Jia Jin L.
Google
Rather average. The best dishes were the grilled goma tofu in a honey laced sauce, the hokkigai with a toothy texture and air of the sea, the firm and flavourful kanpachi zuke, and the DIY kanpyo “maki” aggressively seasoned with wasabi. The hanjuku ikura was a first and also nice and creamy. Those dishes were worthy of a high end sushi restaurant.
But many other dishes were also lacking. The akami zuke didn’t have the depth of colour and flavour one expects from the cut, the anago was falling apart, and the tamago was clearly overcooked and hard along the edges (you can literally see the hard browned edges travelling a good distance inward, unlike a well executed castella/pudding style tamago, which should have a paper thin browned layer).
There was also no attention to detail paid to the vibes and service. You could feel the pressure emanating from the chef as he called out for the hotate of his isobeyaki, and it didn’t come, only for him to call again. My gari went empty and the chef didn’t notice for 3 nigiris after, until I politely requested some. Some basic interactions were reserved for Japanese guests, which didn’t make me feel valued. (e.g.

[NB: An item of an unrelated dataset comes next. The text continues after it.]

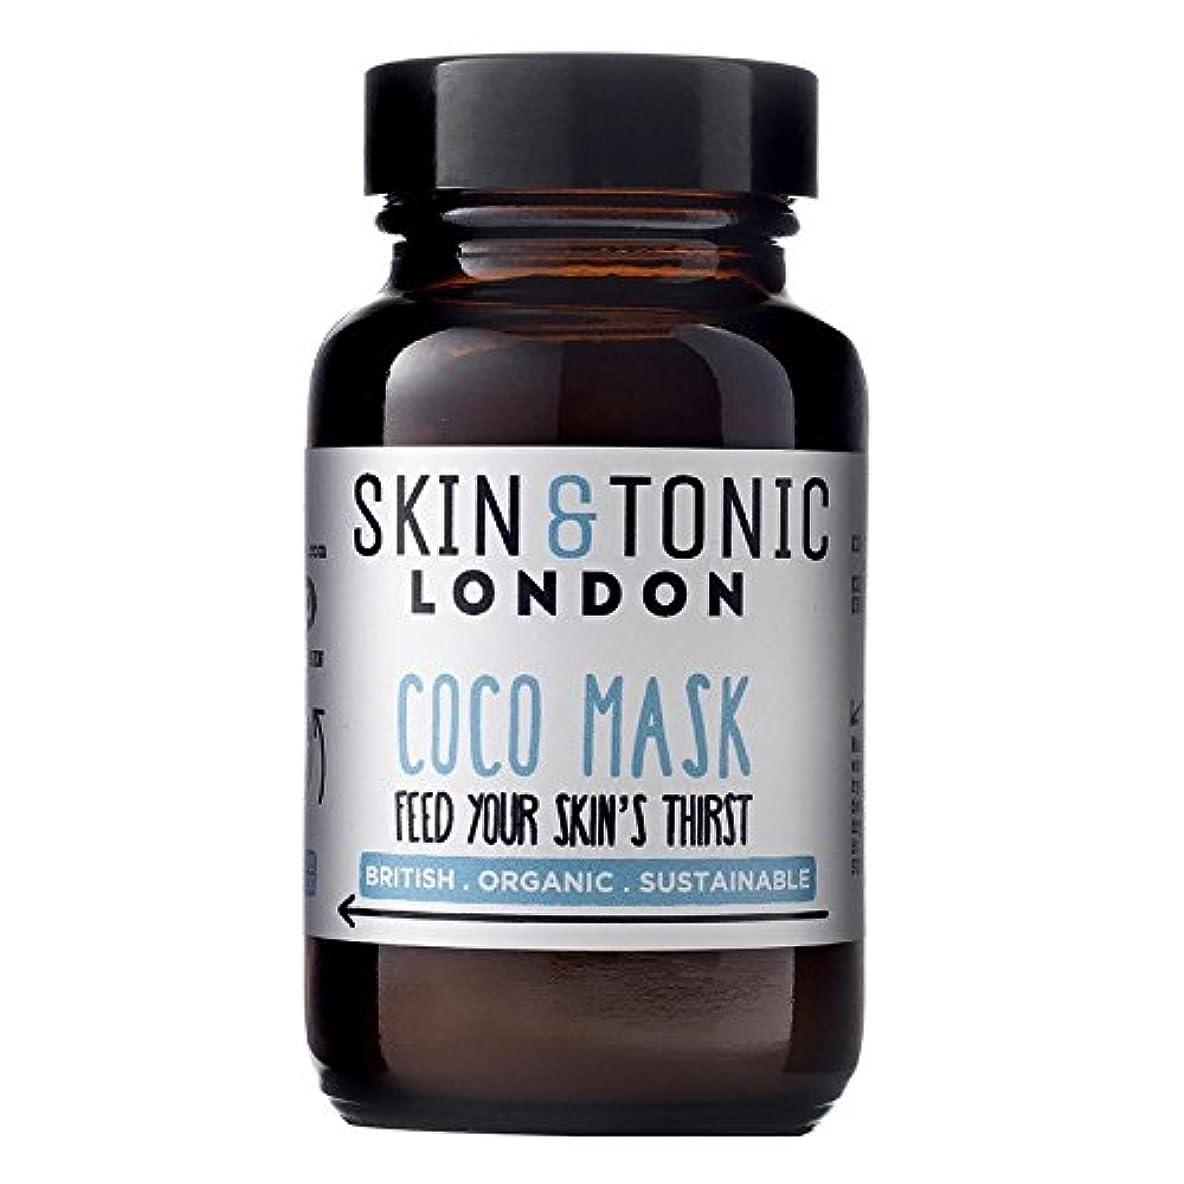 もつれ属性不測の事態スキン&トニックロンドンココマスク50グラム x4 - Skin & Tonic London Coco Mask 50g (Pack of 4) [並行輸入品]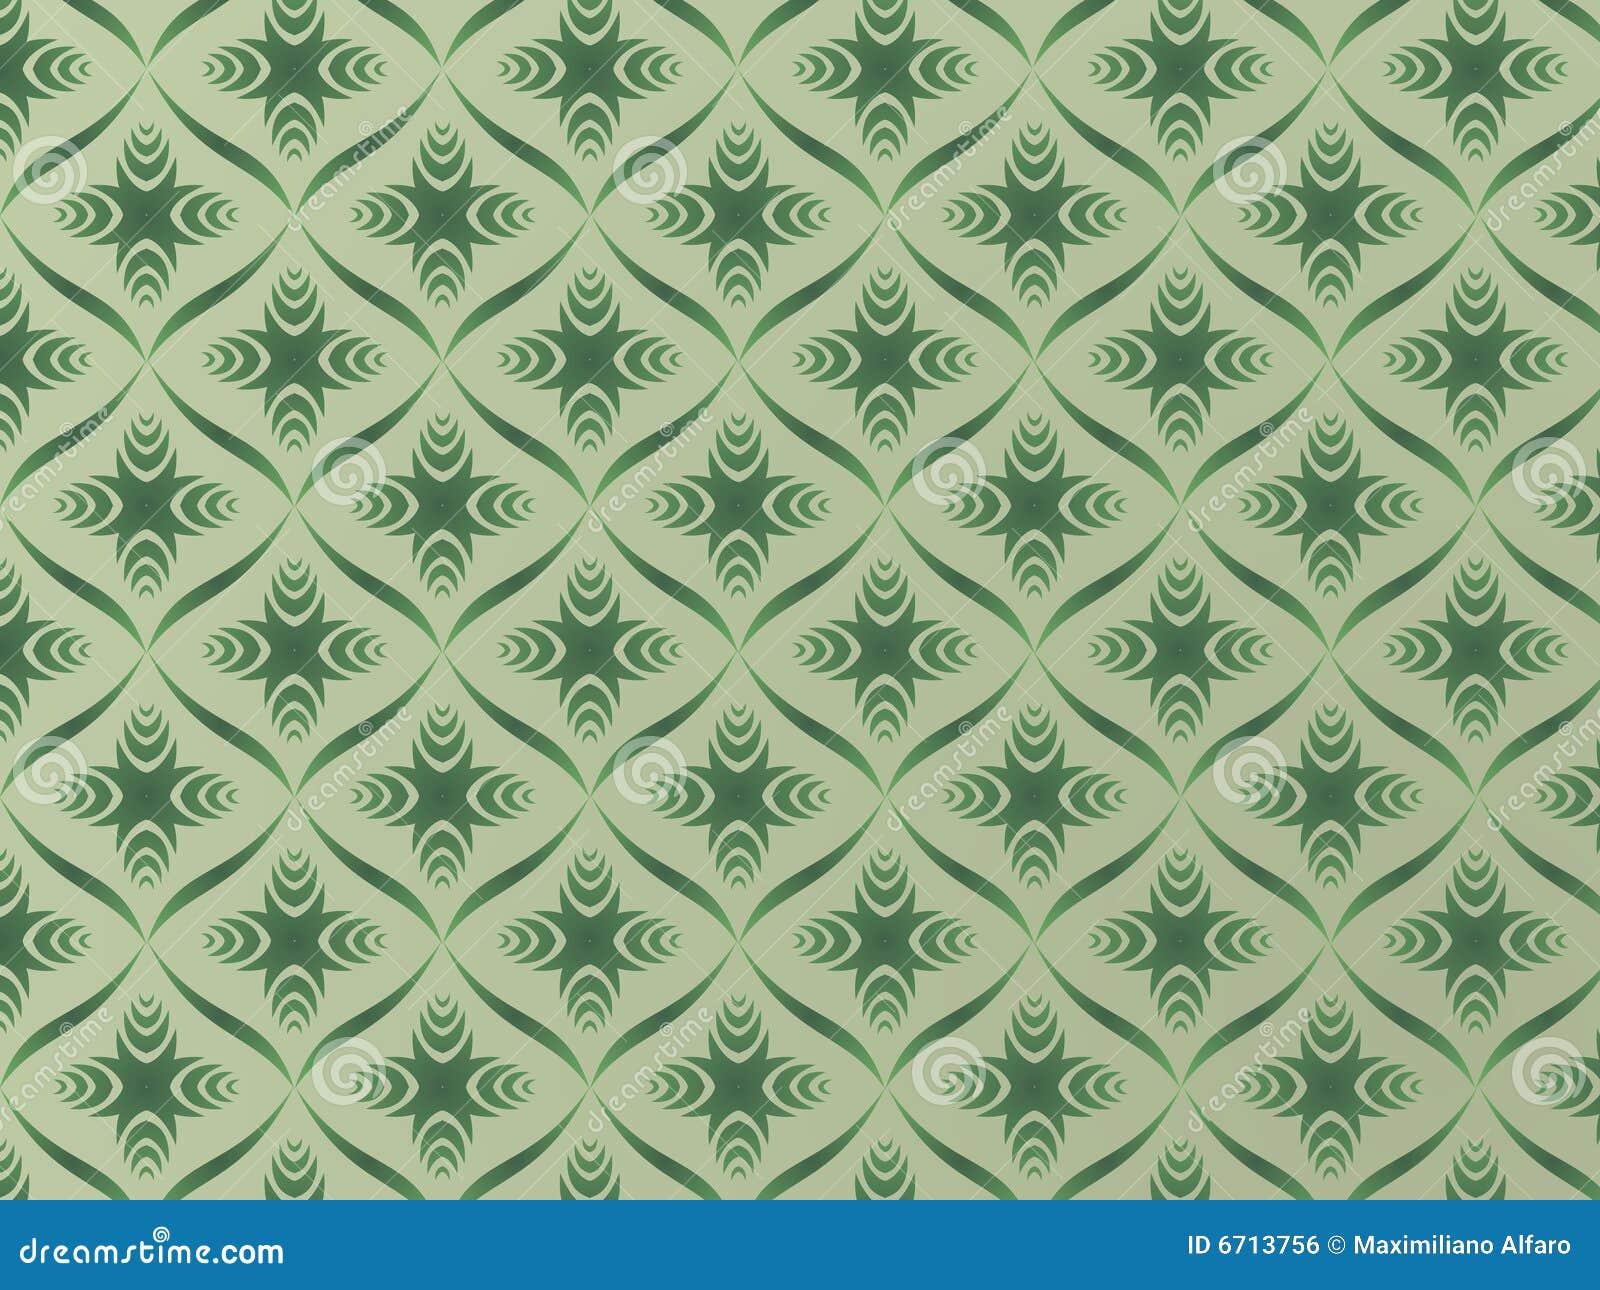 Tappezzeria verde immagine stock libera da diritti for Tappezzeria 3d

Both other groups were told that there was only the anago and kanpyo maki left, and asked if it was okay. We were only asked if we wanted supplements by the disciple after the meal, which felt like an afterthought.)
It was a pity. The ¥10-20k sushi omakase scene in Tokyo is heating up (e.g. 鮨 まさ, 佐野鮨), and having tried about 10 other places in the past few months in this price bracket, I felt they could do much better.